**Data segment**
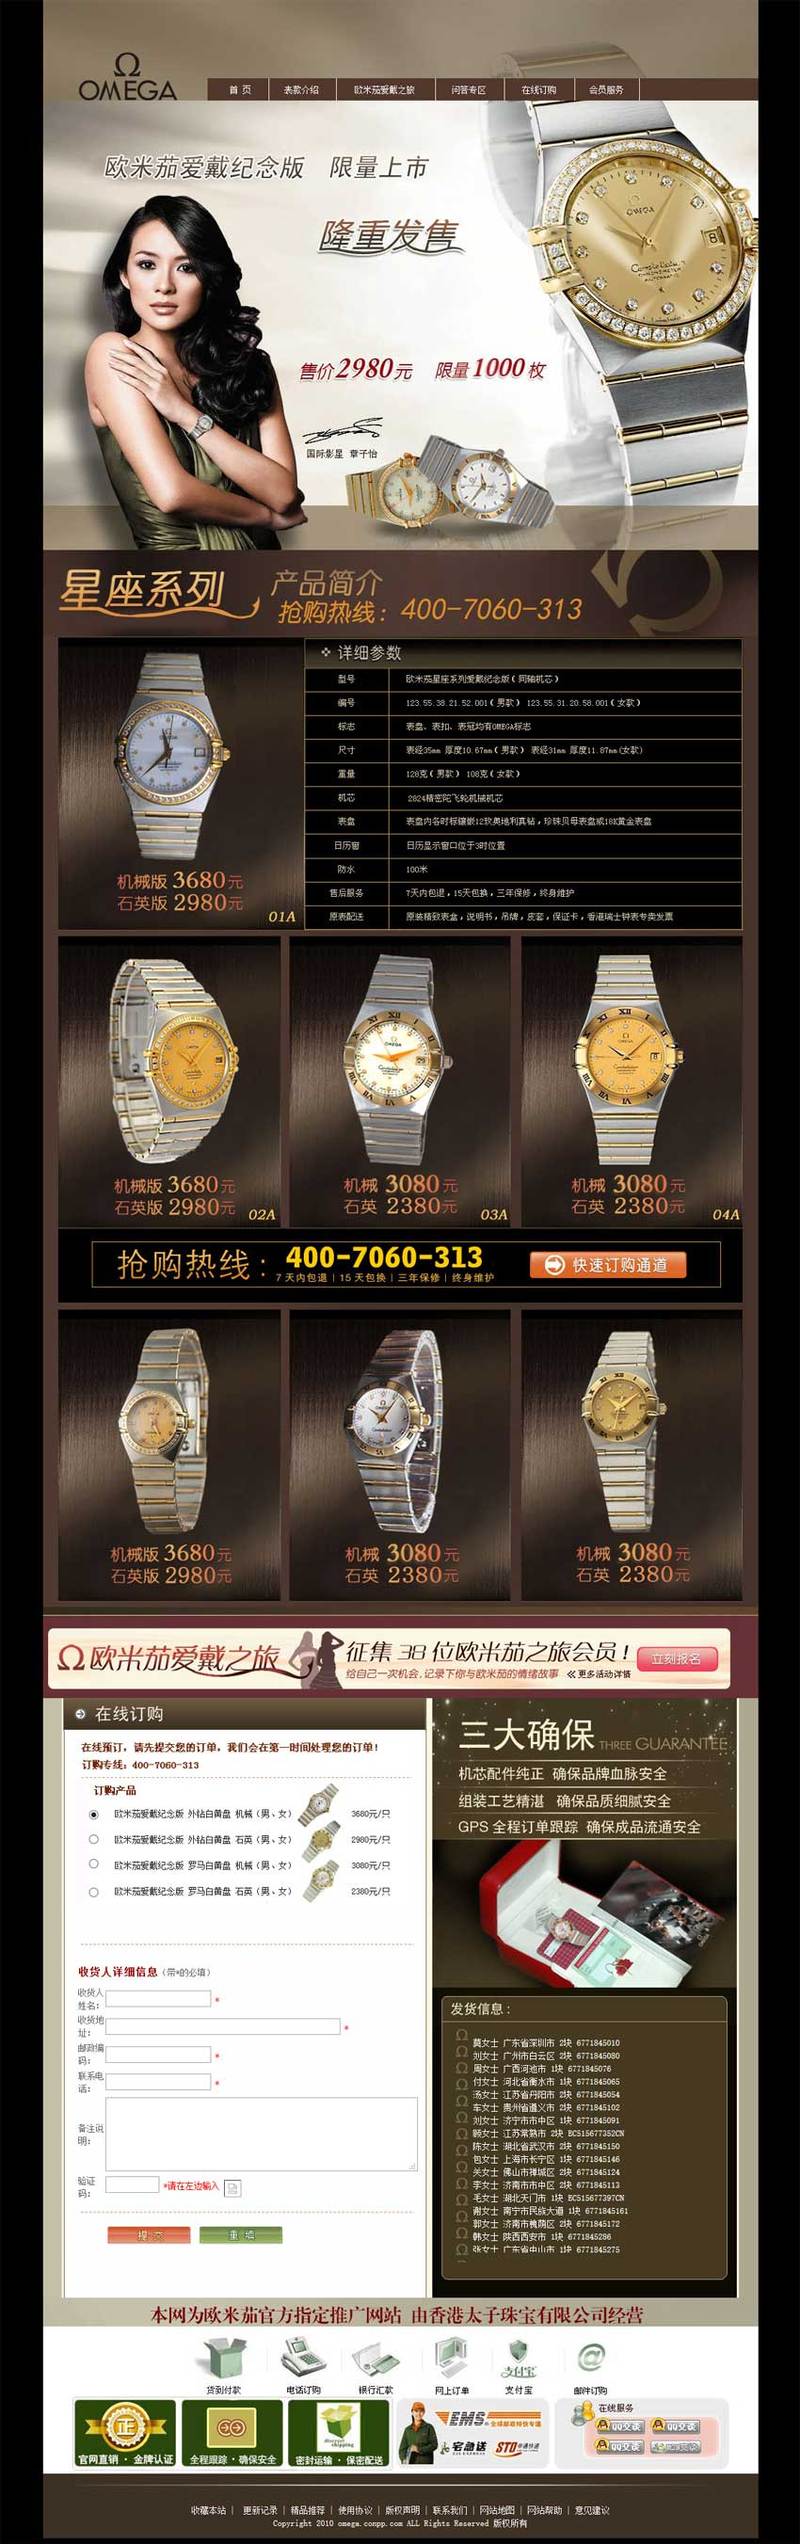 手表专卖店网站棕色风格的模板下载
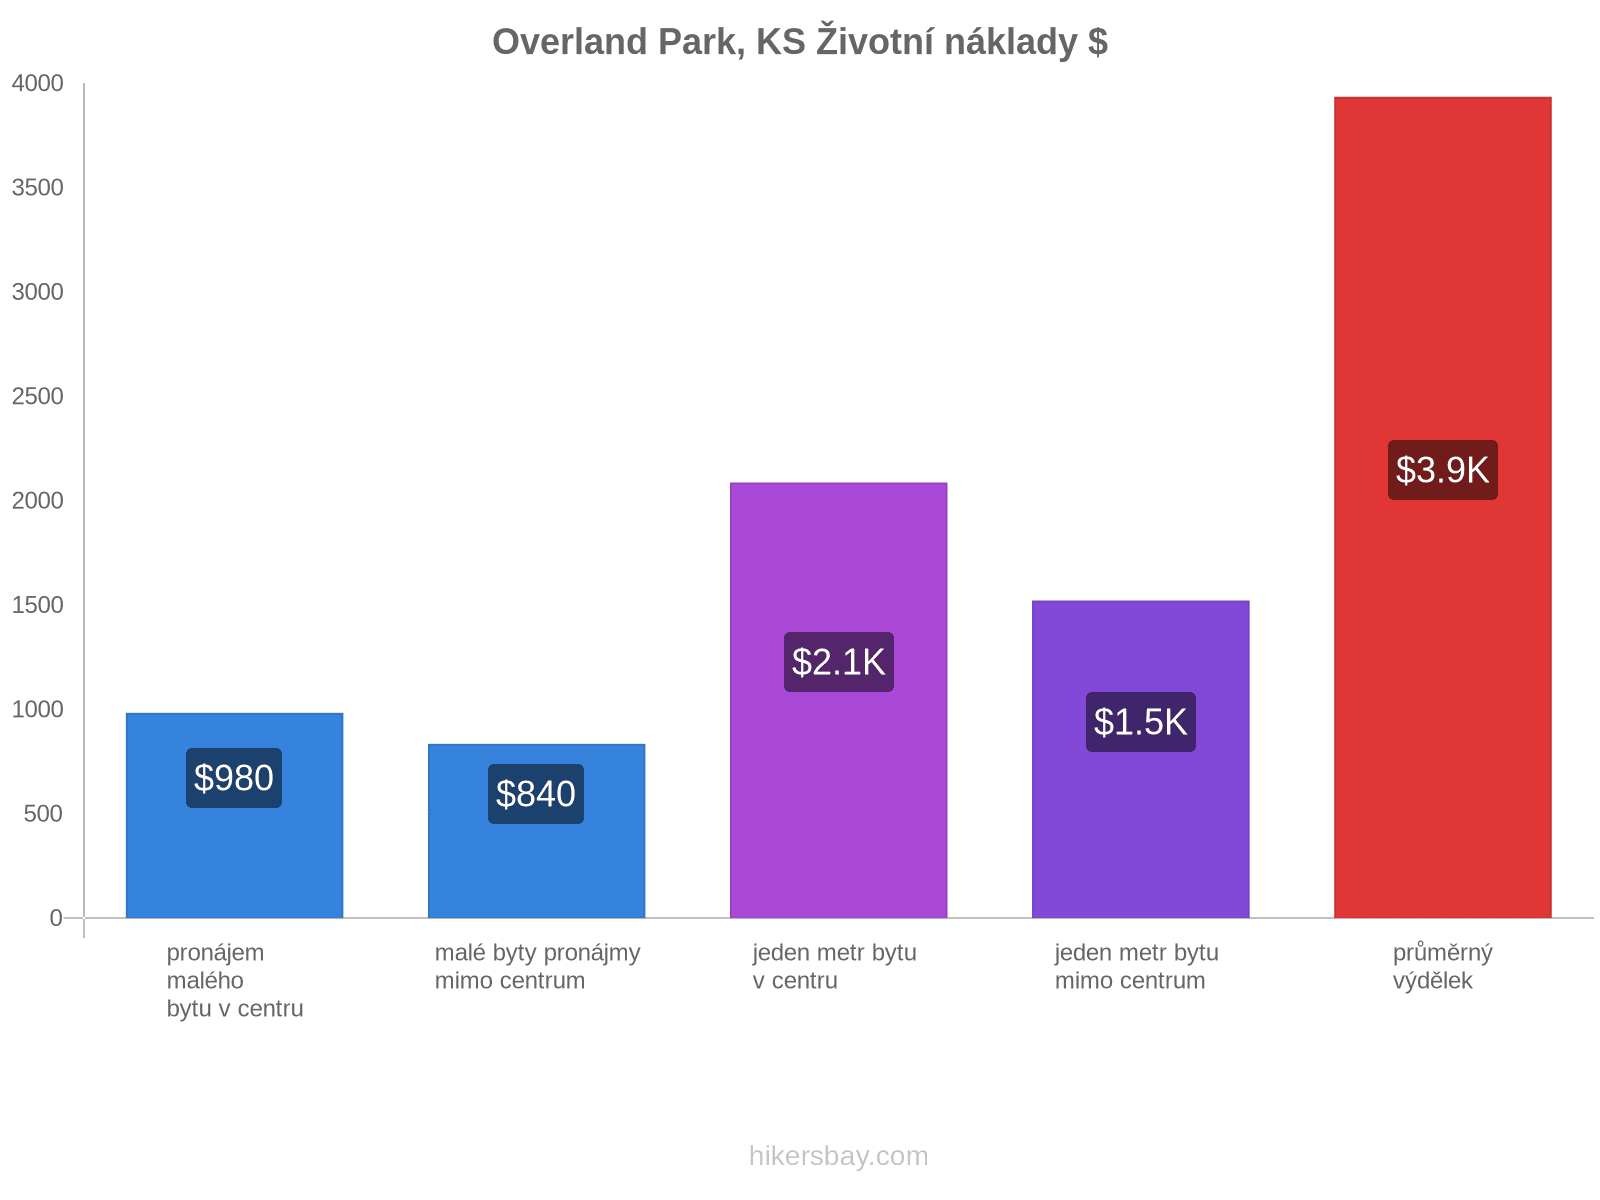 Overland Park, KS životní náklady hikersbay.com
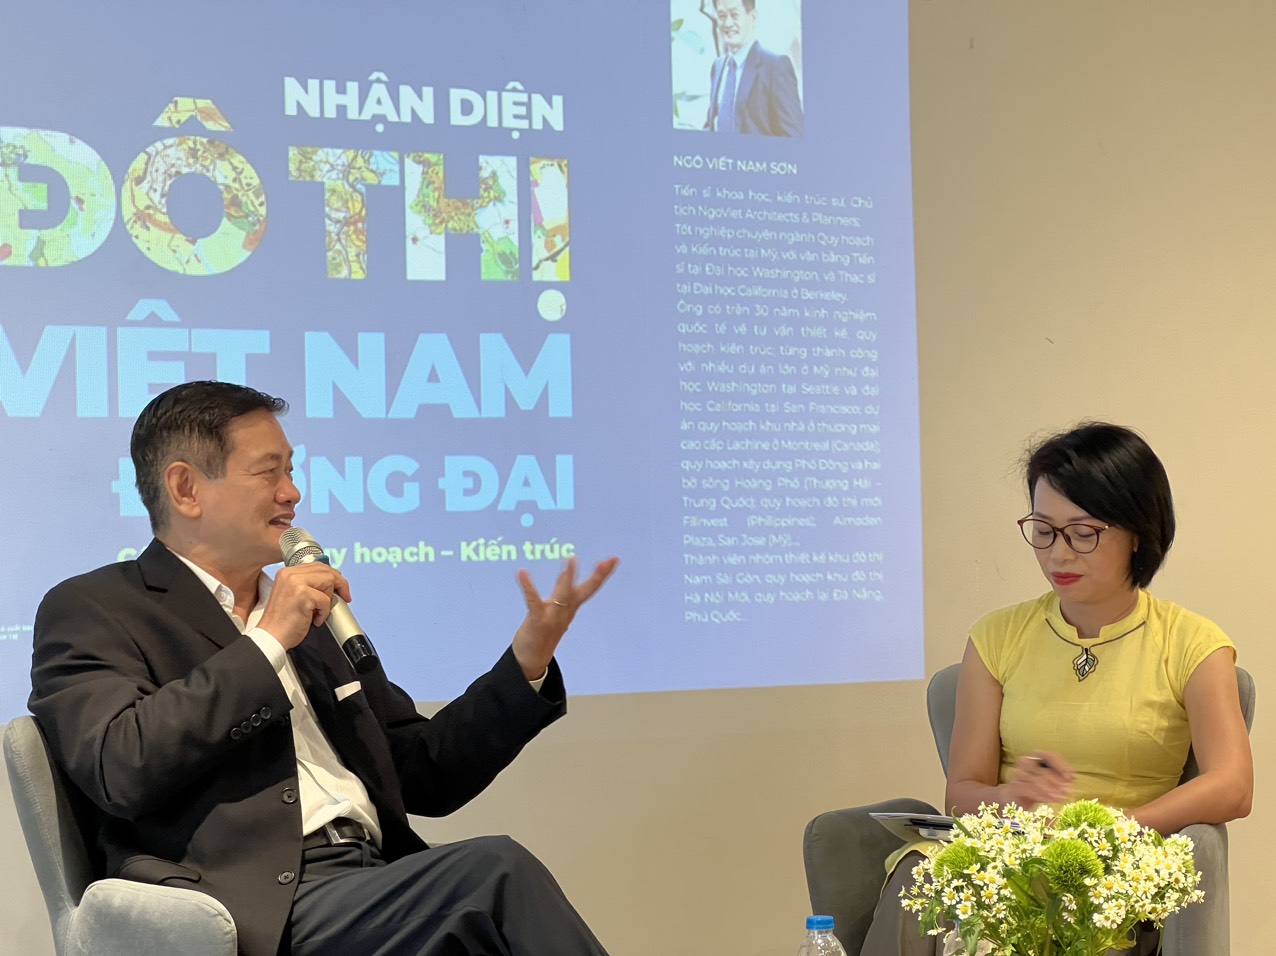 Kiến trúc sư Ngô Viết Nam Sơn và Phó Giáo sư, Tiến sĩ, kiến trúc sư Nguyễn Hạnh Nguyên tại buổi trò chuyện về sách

**Action item**
All of the lines above should be copied exactly, apart from the pictures.

**Task response**
 手表专卖店网站棕色风格的模板下载
 Overland Park, KS životní náklady hikersbay.com
 Kiến trúc sư Ngô Viết Nam Sơn và Phó Giáo sư, Tiến sĩ, kiến trúc sư Nguyễn Hạnh Nguyên tại buổi trò chuyện về sách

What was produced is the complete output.